* _The problem_
Set the images aside and retype the whole listing exactly.

*** Opening of Data segment ***

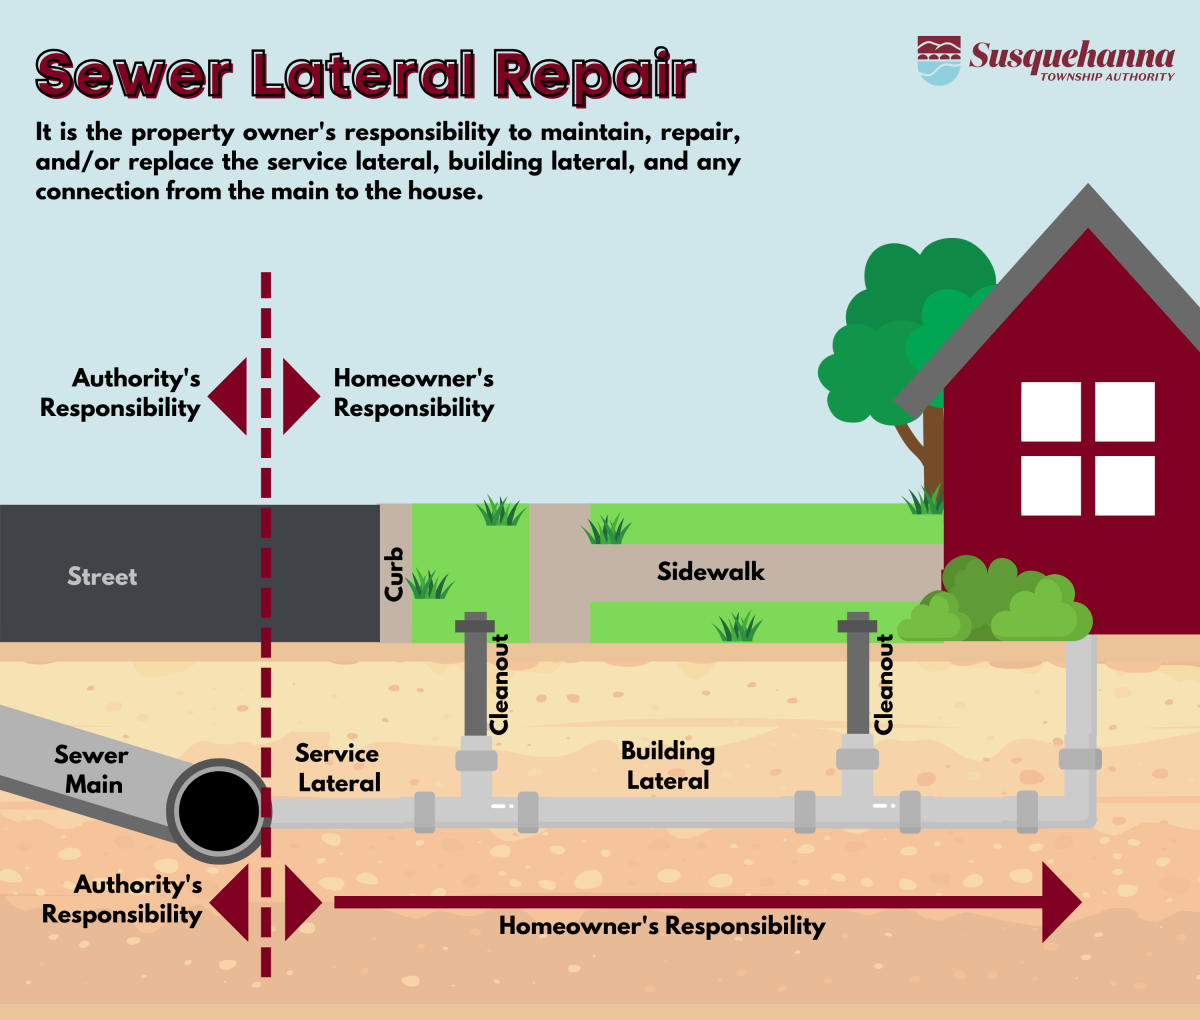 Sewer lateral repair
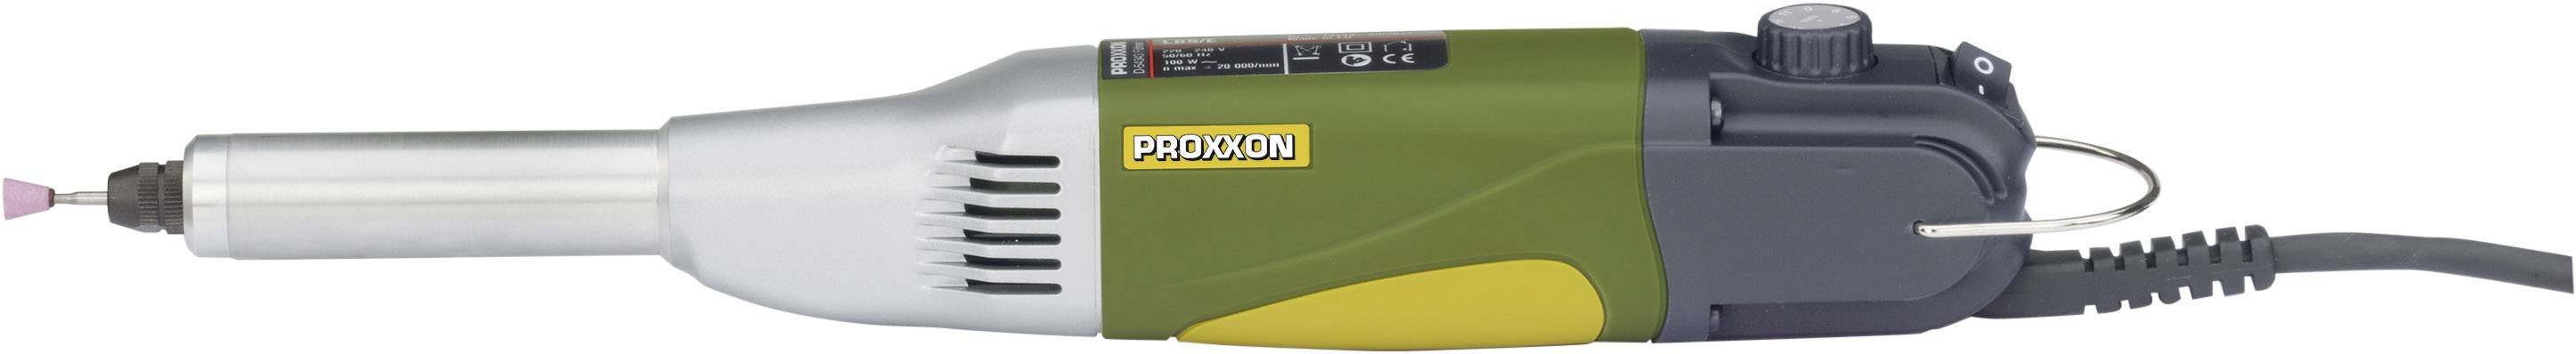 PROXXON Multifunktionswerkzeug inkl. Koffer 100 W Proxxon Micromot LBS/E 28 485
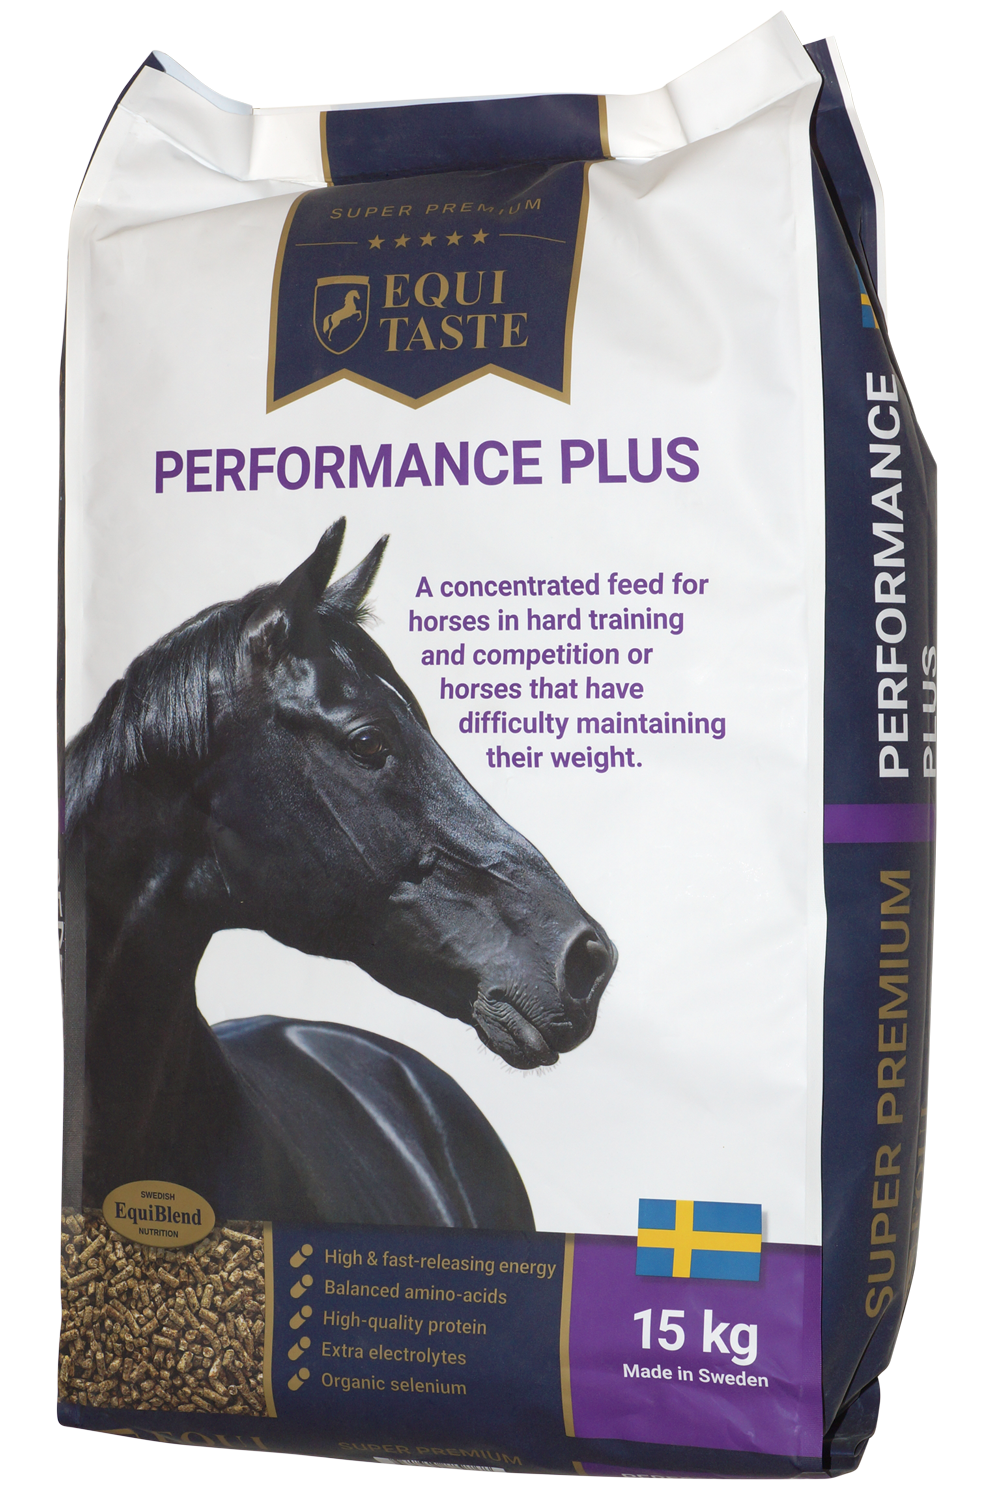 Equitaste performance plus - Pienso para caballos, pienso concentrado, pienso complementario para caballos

*** Close of Data segment ***

* _Reply_
 Sewer lateral repair
 PROXXON Multifunktionswerkzeug inkl. Koffer 100 W Proxxon Micromot LBS/E 28 485
 Equitaste performance plus - Pienso para caballos, pienso concentrado, pienso complementario para caballos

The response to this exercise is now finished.